1. O DIABO E A CONCEPÇÃO DO FEIO
Na sociedade atual é tênue o limite entre o feio e o belo, de tal modo que a
questão da beleza e da feiúra é reduzida muitas vezes a uma opinião sobre gosto
pessoal. Mas a discussão não se sucedeu assim durante toda a história. São claras
e repetitivas as referências à busca pela perfeição na antiguidade clássica, com os
ideais de beleza gregos, medidas racionais e representações realistas, bem como o
seu reflexo no período renascentista, com o culto pelo homem e sua anatomia.
A definição de belo, ainda que mutável, sempre esteve mais presente no
nosso dia-a-dia e remonta à criação divina. Quando deus cria a luz e o mundo, tudo
o que ele toca e constrói é belo. Partindo desse pressuposto, assimila-se de maneira
muito fácil a idéia de que a natureza é bela: árvores, montanhas, animais, rios e tudo
o que foi concebido pela mão de deus.
Mesmo que o desenvolvimento das mais diversas sociedades no curso da
história tenha revisado esse conceito, acrescentado inúmeras outras possibilidades
de beleza e questionado outras, esse ainda é o ponto de partida e de mais fácil
compreensão de beleza no mundo ocidental. Mas e o feio? Quando surge a
definição do feio? O que marca a concepção do feio dentro da criação divina?
Ainda hoje, pensar sobre o feio é um exercício mental que confronta o que
antes a mente humana já definiu como belo. Ou seja, definir o feio ainda está muito
interligado ao que inicialmente se entende por bonito. E foi assim que surgiu a
concepção de feio, de dentro da criação divina, daquele que deu as costas à deus: o
diabo. Vilém Flusser escreveu sobre o negativo da figura do diabo: “Nós, os
ocidentais, somos produtos de uma tradição oficial que pinta o diabo em cores
negativas, a saber, como o opositor de Deus”. (FLUSSER, 1965, p.16).
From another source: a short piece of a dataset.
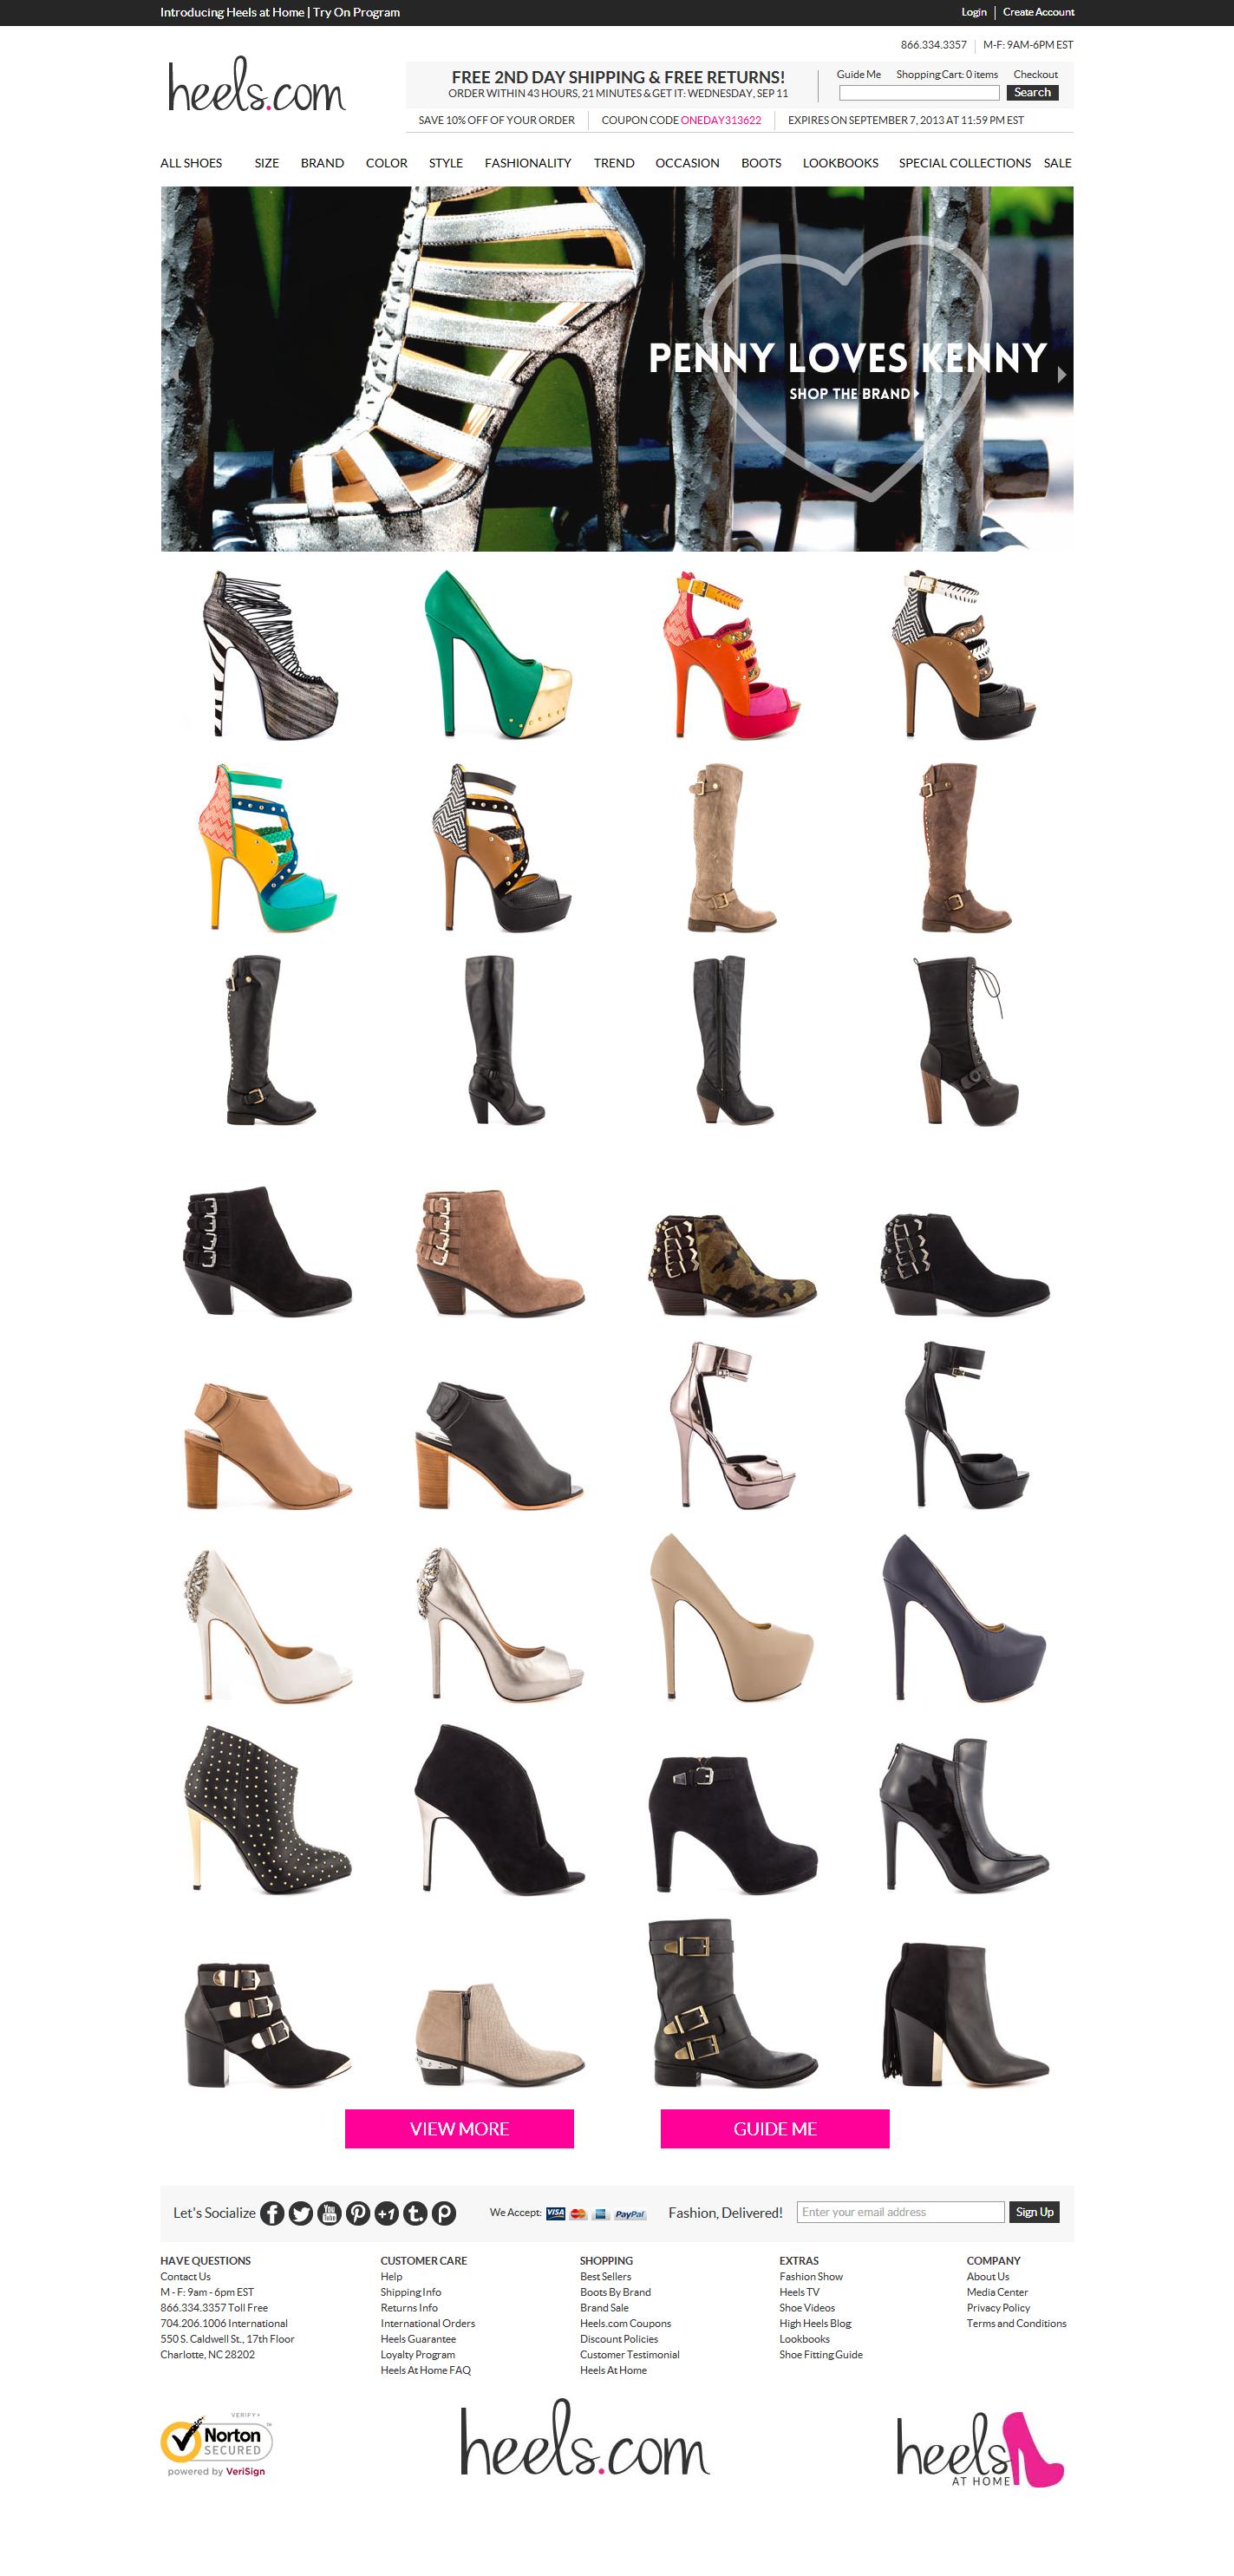 Women\'s Shoes, Dress Shoes, High Heels, Women\'s Boots, Evening Shoes, Heels.com.jpg

Desde os tempos mais remotos, o diabo é pensado como ícone central da
feiúra e foi implacavelmente retratado como o que há de mais feio durante séculos: o
oposto da perfeição de deus. Uma criatura disforme, união de partes anatômicas de
seres ferozes, com potenciais de destruição e dor, como cuspir fogo e força
incomensurável, odores desagradáveis e demais dessemelhanças com o ideal de
beleza criado por deus.
Essa construção do diabo é muito fortalecida durante a Idade Média e o auge
da Igreja, especialmente pelas artes, ilustrações e pinturas de época, e também pela
literatura, tendo como forte expoente Dante Alighieri, com sua descrição de Lúcifer
no Inferno de sua A Divina Comédia.
Dessa forma, a concepção do feio nasce no oposto do belo, que se entende
pela criação divina, e se propaga no imaginário da forma física demoníaca. Assim, o
que é belo se assemelha à deus, enquanto o que é feio se assemelha ao diabo.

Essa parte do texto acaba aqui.